Following this introduction, the NLNZ Tools SIP Generation Fairfax includes the following sections:

Contributing - Covers how to contribute to the project.
Why Groovy? - Discusses the choice of Groovy as a development language.
Basic packages and classes - Covers the packages and classes in the project.
Building - Covers building the nlnz-tools-sip-generation-fairfax jars from source.
Developer guidelines - Covers coding practice and development workflow.
Future milestones - Covers plans for future development.

Contributing¶

This describes how to contribute to the NLNZ Tools SIP Generation Fairfax project. General contribution guidelines follow the guidelines outlined in Contributing section of the Developer Guide of the National Library of New Zealand Developer Guidelines for a description of the build commands used for this project. These guidelines can be found at https://nlnz-developer-guidelines.readthedocs.io .

Source Code Repository¶

Source code for the NLNZ Tools SIP Generation Fairfax is stored in github at: https://github.com/NLNZDigitalPreservation/nlnz-tools-sip-generation-fairfax/ Contributors to the codebase will require a github account.

Major Contributors¶

Major contributors to NLNZ Tools SIP Generation Fairfax are NLNZ (The National Library of New Zealand) (https://natlib.govt.nz/). This institution currently drive most development. All contributors are welcome. Making your interest in NLNZ Tools SIP Generation Fairfax known can help to ensure that the tools meets your needs.

Contributors¶

See individual git commits to see who contributors are.

Why Groovy?¶

At the National Library of New Zealand, there are some technically adept staff who use Python scripting to accomplish some of their tasks. Python is a useful language, but it had one significant deficiency with regards to the Fairfax ingestion problem: ExLibris (the software company behind the Rosetta archiving system) provides an API for the generation of SIP (mets.xml) files. This API can also be used to interact directly with the Rosetta archiving system. The API itself is a Java API, which means that any solution that needs to use this API would need to be JVM-based (this would include Java, Groovy, Scala and so on).

While it is possible to duplicate the same functionality in Python, the onus then becomes on the developer to maintain that functionality even as the ExLibris API changes. NLNZ regularly updates their version of Rosetta, and this would mean that any Python software duplicating that API would need to have extra overhead to keep up and ensure compatibility with the ExLibris functionality.

Advantages of groovy¶

Groovy, as a JVM language, was chosen for a few significant reasons:

It is a scripting language, with many language features designed for scripting.
It has code features that minimise boilerplate code (and thus make the code easier to read and quicker to write)
It can take advantage of all the Java code libraries that exist.
The codebase at DIA and their developers are often Java-based, especially in the Knowledge Services area.

Disadvantages of groovy¶

New features in Java 9, 10 and 11 (such as Lambdas) provide similar functionality to that of Groovy, which removes some of the ease of programming advantages of Groovy.
Some features in newer versions of Java are not supported under Groovy.

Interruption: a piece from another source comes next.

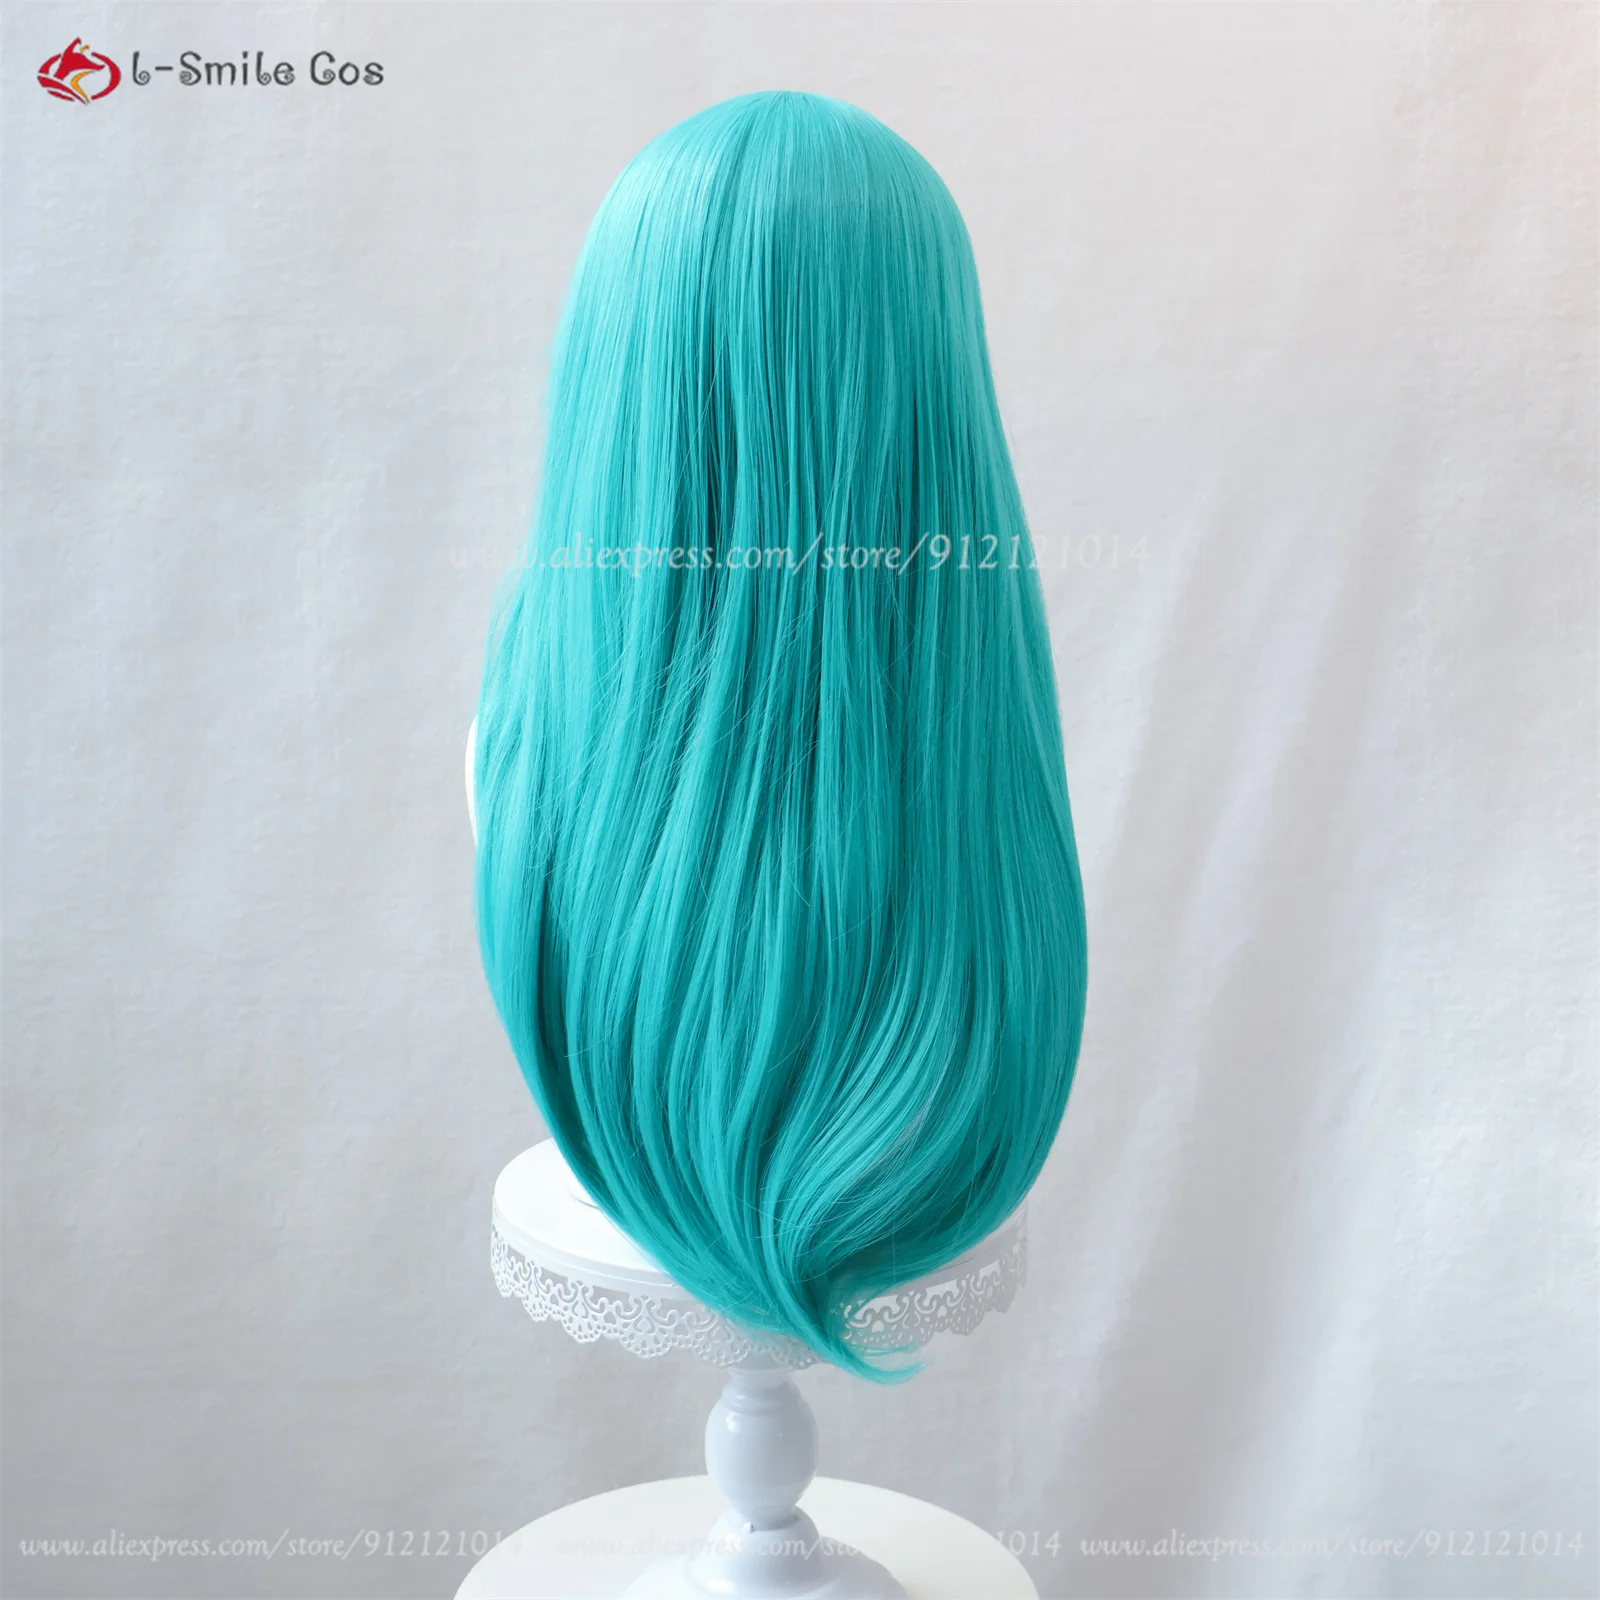 Anime Bulma Buruma Cosplay Wig Long Green Wavy Women Wigs Heat Resistant Synthetic Hair Halloween Costume Party Wigs + Wig Cap

For example, the try-with-resources construct is not supported under Groovy – although there are alternatives that provide the same functionality.
Some Java developers may not be comfortable coding in a language that doesn’t quite look like Java.

Basic packages and classes¶

TODO a diagram illustrates the interactions between key components.

Building¶

Requirements¶

Build requirements¶

Building the NLNZ Tools SIP Generation Fairfax from source requires the following:

Java 11 JDK or above (64bit recommended). Current development assumes the use of OpenJDK.
Gradle 5.2.1 or later.
Groovy 2.5.4 or later.
Git (required to clone the project source from Github).
Access to maven central either directly or through a proxy.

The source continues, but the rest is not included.